Krisenfestigkeit des Bausektors: Erste Erkenntnisse zu den Auswirkungen der COVID-19-Pandemie auf die Bauwirtschaft


Projektnummer
Projektbeginn
10.2021
Projektende
12.2022
Projektstatus
abgeschlossen ohne Bericht

Trotz der Corona-Pandemie entwickelte sich das Baugewerbe positiv und konnte die Gesamtwirtschaft stützen. Die Studie untersuchte das Ausmaß und die Determinanten der Krisenresilienz des Baugewerbes in verschiedenen Krisen und im europäischen Vergleich.

Ausgangslage

Das deutsche Baugewerbe kam vergleichsweise gut durch die Corona-Krise: So stieg die Bruttowertschöpfung des deutschen Baugewerbes trotz Pandemie stetig an. 2020 generierte die Branche 184 Mrd. Euro und damit über 6 % der deutschen Bruttowertschöpfung (vgl. Statistisches Bundesamt 2021). Auch waren die mittelständischen Bauunternehmen im Vergleich zu anderen Wirtschaftszweigen am seltensten von Umsatzeinbußen betroffen. Insgesamt stützte die Branche als Schlüsselindustrie der deutschen Volkswirtschaft dadurch die gesamtwirtschaftliche Entwicklung.

Die Pandemie und die im Nachgang auftretenden Lieferengpässe warfen dennoch die Frage nach der generellen Krisenfestigkeit der Branche auf. Welche Schlussfolgerungen konnten in Bezug auf die Krisenresilienz und Flexibilität des Sektors abgeleitet werden? Welche Faktoren hatten eine positive oder eine negative Wirkung auf die Krisenbewältigung des Sektors? Welche Maßnahmen sind generell für die Krisenbewältigung förderlich?

Ziel

Ziel des Forschungsvorhabens „Krisenfestigkeit des Bausektors: Erste Erkenntnisse zu den Auswirkungen der COVID-19-Pandemie auf die Bauwirtschaft“ war es, die Krisenresilienz der Branche in verschiedenen Krisen und im internationalen Vergleich näher zu untersuchen. Die COVID-19-Pandemie war dabei Anlass, aber nicht alleiniger Untersuchungsgegenstand des Forschungsvorhabens. Zudem wurden Handlungsempfehlungen abgeleitet, die die Resilienz der Baubranche erhöhen und damit den Umgang mit zukünftigen Krisen verbessern können.

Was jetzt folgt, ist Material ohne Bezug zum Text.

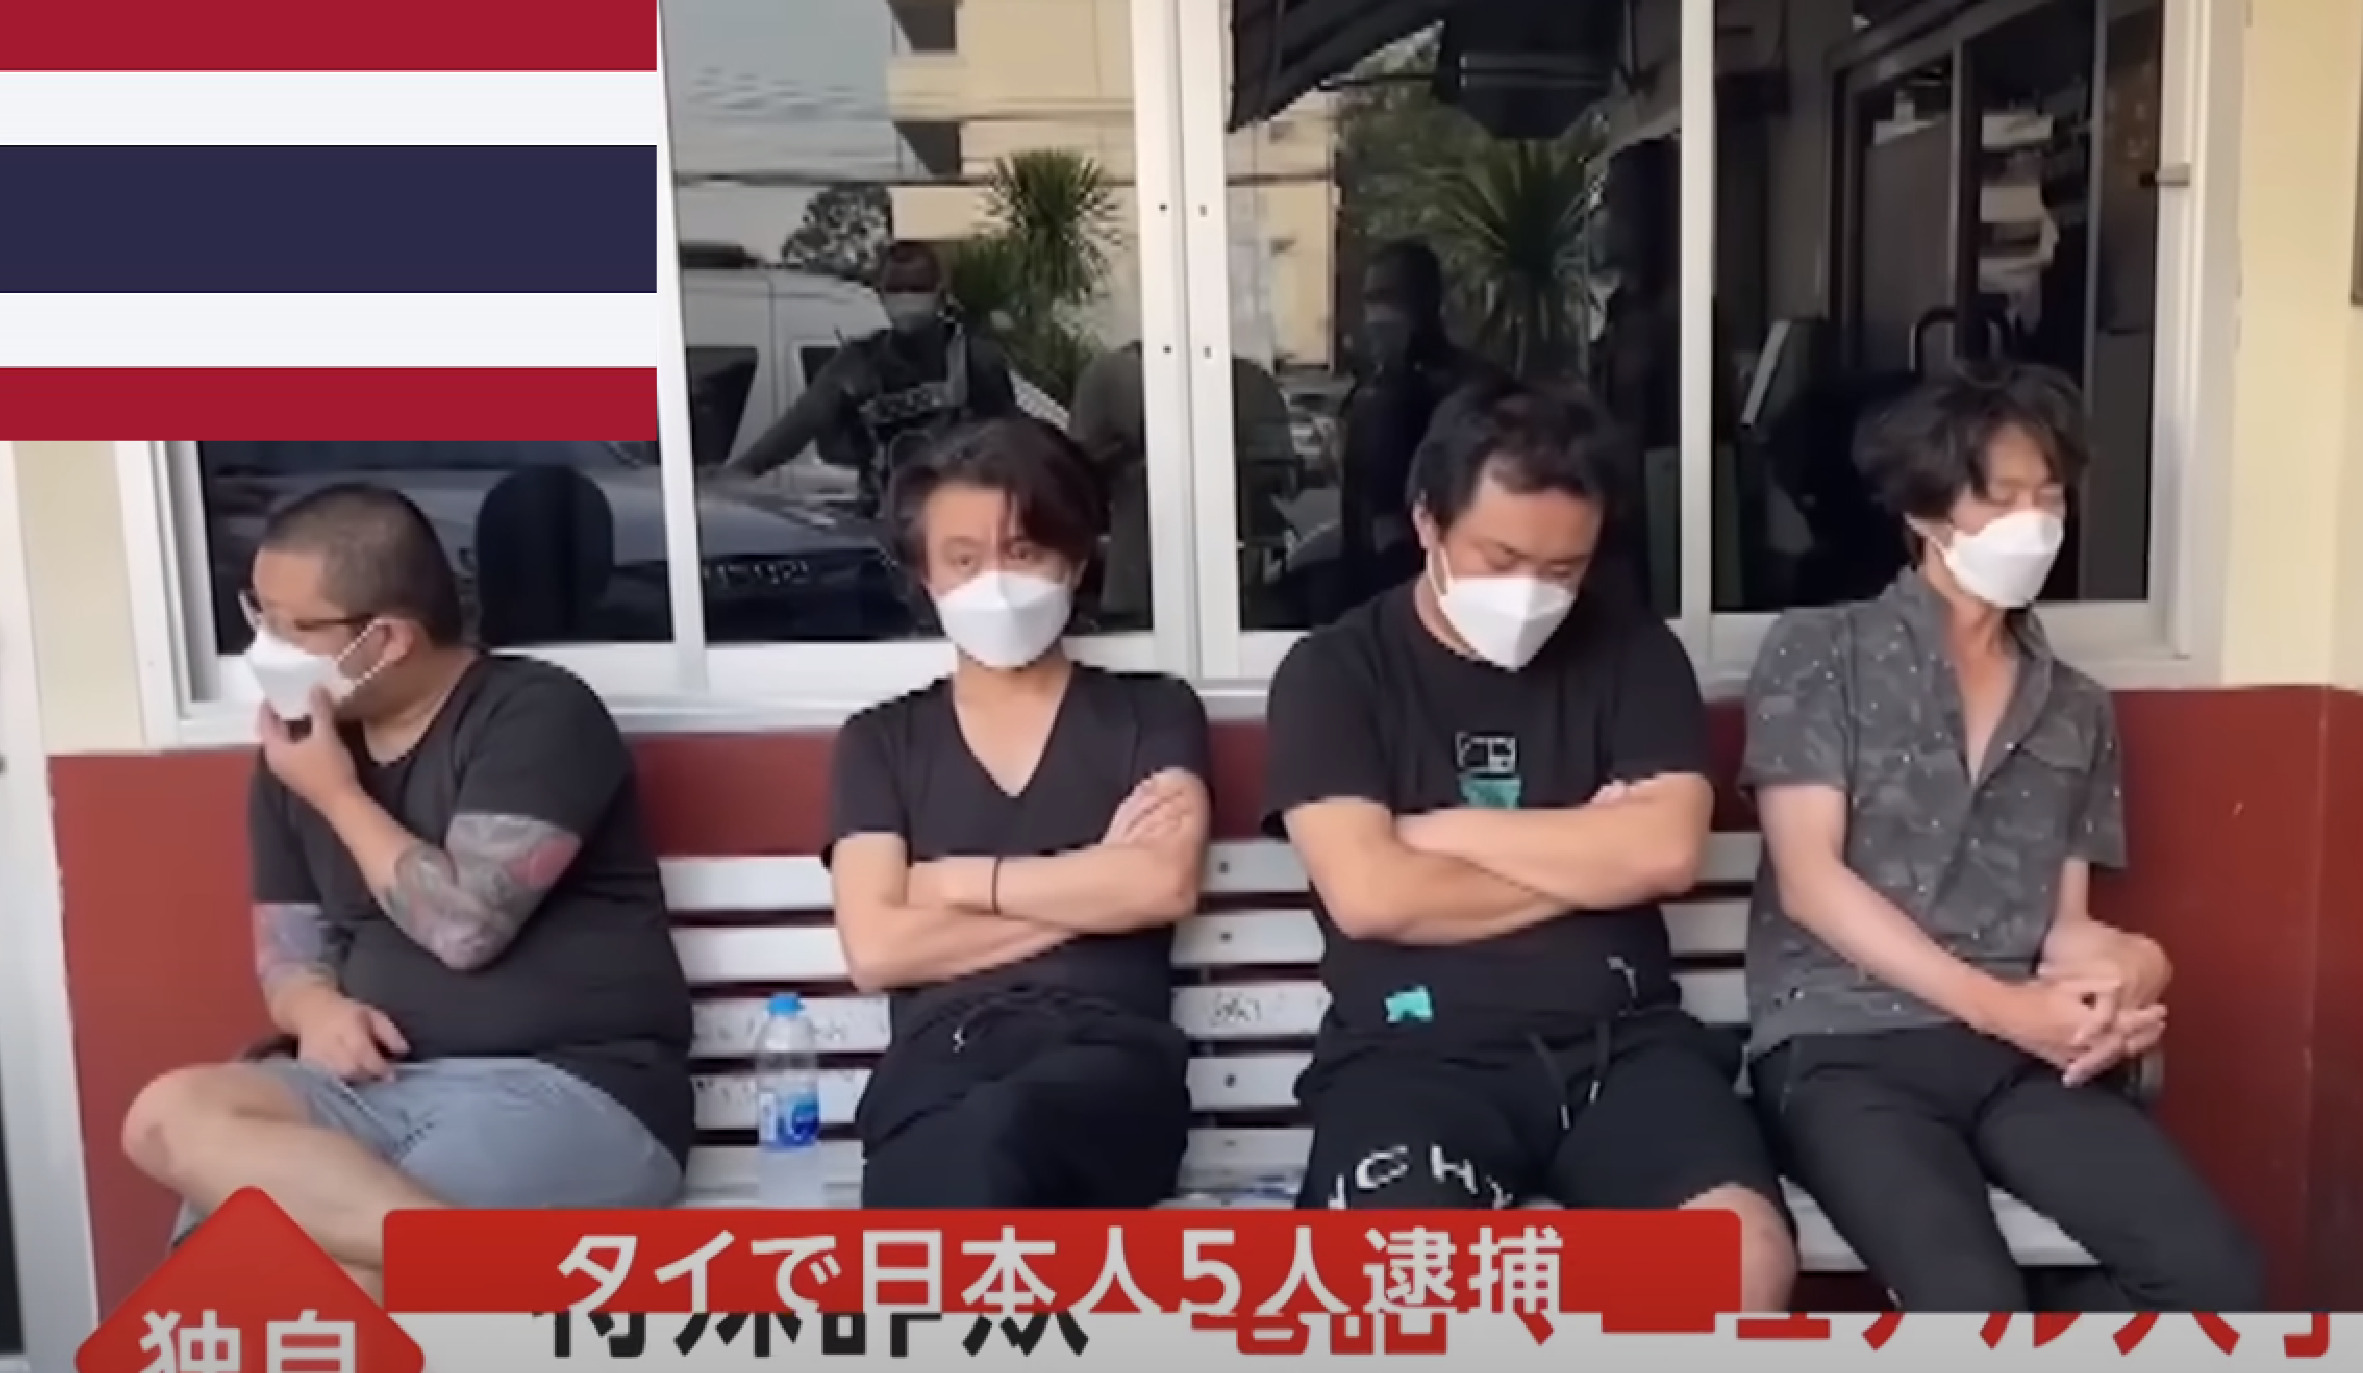 日本人グループの還付金詐欺摘発、就職詐欺の被害者が日本大使館へ

Auftragnehmer des Forschungsprojektes war Oxford Economics (Frankfurt/Berlin) in Kooperation mit dem Institut für Mittelstandsforschung Bonn.

Konzept

Forschungsleitfragen

Folgende Kernfragen zur Krisenresilienz der deutschen Baubranche wurden untersucht:

  • Wie kam die Baubranche durch vergangene Krisen und insbesondere die Corona-Krise?
  • Welche Stärken und Schwächen zeichneten deutsche Bauunternehmen bei der Krisenbewältigung aus?
  • Welche Instrumente bieten sich an, um die Krisenfestigkeit der Bauunternehmen generell zu verbessern?

Ansatz und Methodik

Für die Untersuchung wurde eine Kombination von einer fallstudienbasierten betriebswirtschaftlichen Analyse sowie einer quantitativen volkswirtschaftlichen Untersuchung angewandt.

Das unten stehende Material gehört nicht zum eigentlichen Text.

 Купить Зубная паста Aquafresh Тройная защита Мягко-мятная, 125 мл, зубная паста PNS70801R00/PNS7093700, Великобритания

Die betriebswirtschaftliche Untersuchung beruhte auf 15 Fallstudien von deutschen Bauunternehmerinnen und Bauunternehmern. Der Fokus der Analyse lag auf der unternehmerischen Resilienz sowie auf konkreten Anpassungsprozessen, die sich im Zuge der Krisenbewältigung für einzelne Betriebe als erfolgreich herausgestellt hatten. Neben dem Umgang mit der Corona-Pandemie im Besonderen wurden auch andere krisenähnliche Ereignisse bzw. Herausforderungen beleuchtet, mit denen sich die Unternehmen im Baugewerbe in jüngster Vergangenheit auseinandersetzen mussten.

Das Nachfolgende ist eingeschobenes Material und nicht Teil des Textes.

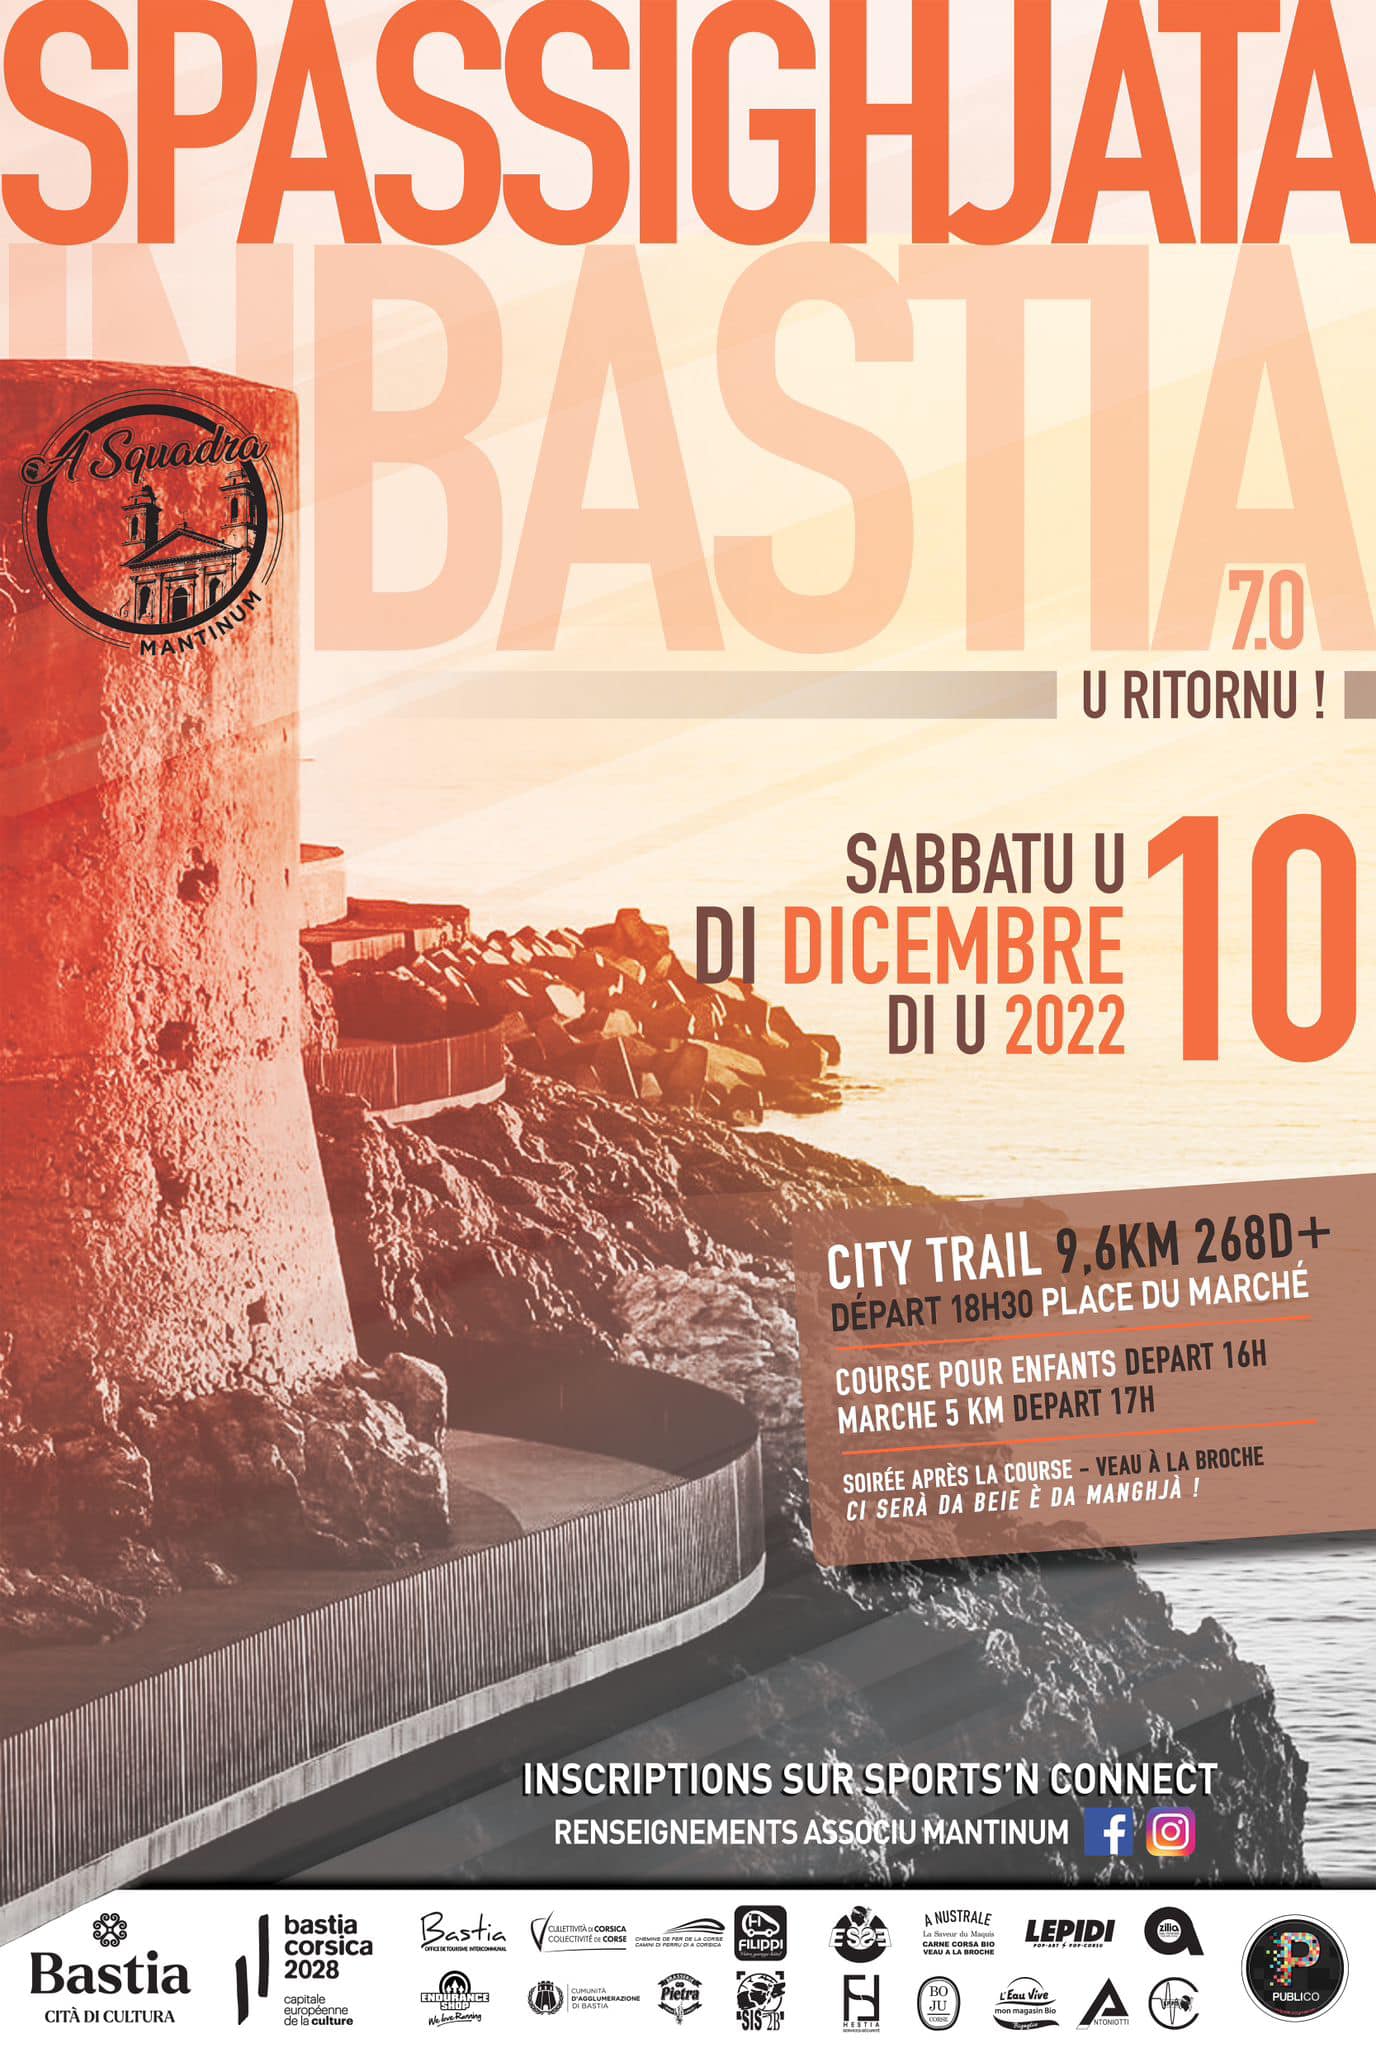 Bastia : La Spassighjata fait son grand retour le 10 décembre

In der volkswirtschaftlichen Untersuchung wurden mittels einer empirischen Untersuchung die Faktoren ermittelt, die die Resilienz der Bauwirtschaft erklären können. Die Datenanalyse basierte dabei auf dem Vergleich europäischer Bauwirtschaften und bezog sich auf die Jahre zwischen 2005 und 2020. Länder- und krisenspezifische Effekte wurden in der Regressionsanalyse “herausgerechnet”, sodass verallgemeinerbare Aussagen zu resilienzerhöhenden Faktoren – unabhängig von der Art der Krisen – getroffen werden konnten. Des Weiteren wurde deskriptiv analysiert, wie gut die deutsche Bauwirtschaft durch die Finanz- und Wirtschaftskrise von 2008/09 sowie die Corona-Pandemie gekommen war.

Ergebnisse

Auf betrieblicher Ebene zeigte sich, dass die Corona-Pandemie für die meisten Bauunternehmerinnen und Bauunternehmer keine klassische Krise war, da diese für die Unternehmen des Baugewerbes letztlich nicht existenzbedrohend wirkte – unter anderem weil Baustellen geöffnet blieben. Zuträglich war in der Corona-Pandemie auch der hohe Auftragsbestand der meisten Bauunternehmen aufgrund der seit gut 15 Jahren anhaltend guten baukonjunkturellen Lage. Insgesamt wurde deutlich, dass weder die Corona-Pandemie noch andere (globale) Krisen der letzten Jahre den deutschen Bausektor hart getroffen haben. Die letzte schwere Branchenkrise war das Ende des Baubooms Mitte der 1990er-Jahre. Gleichwohl machten die Unternehmerinnen und Unternehmer auch in Zeiten ohne größere Krisen Erfahrungen mit krisenartigen Ereignissen oder unternehmerischen Herausforderungen. Diese Erfahrungen trugen dazu bei, ihre Krisenfestigkeit zu erhöhen.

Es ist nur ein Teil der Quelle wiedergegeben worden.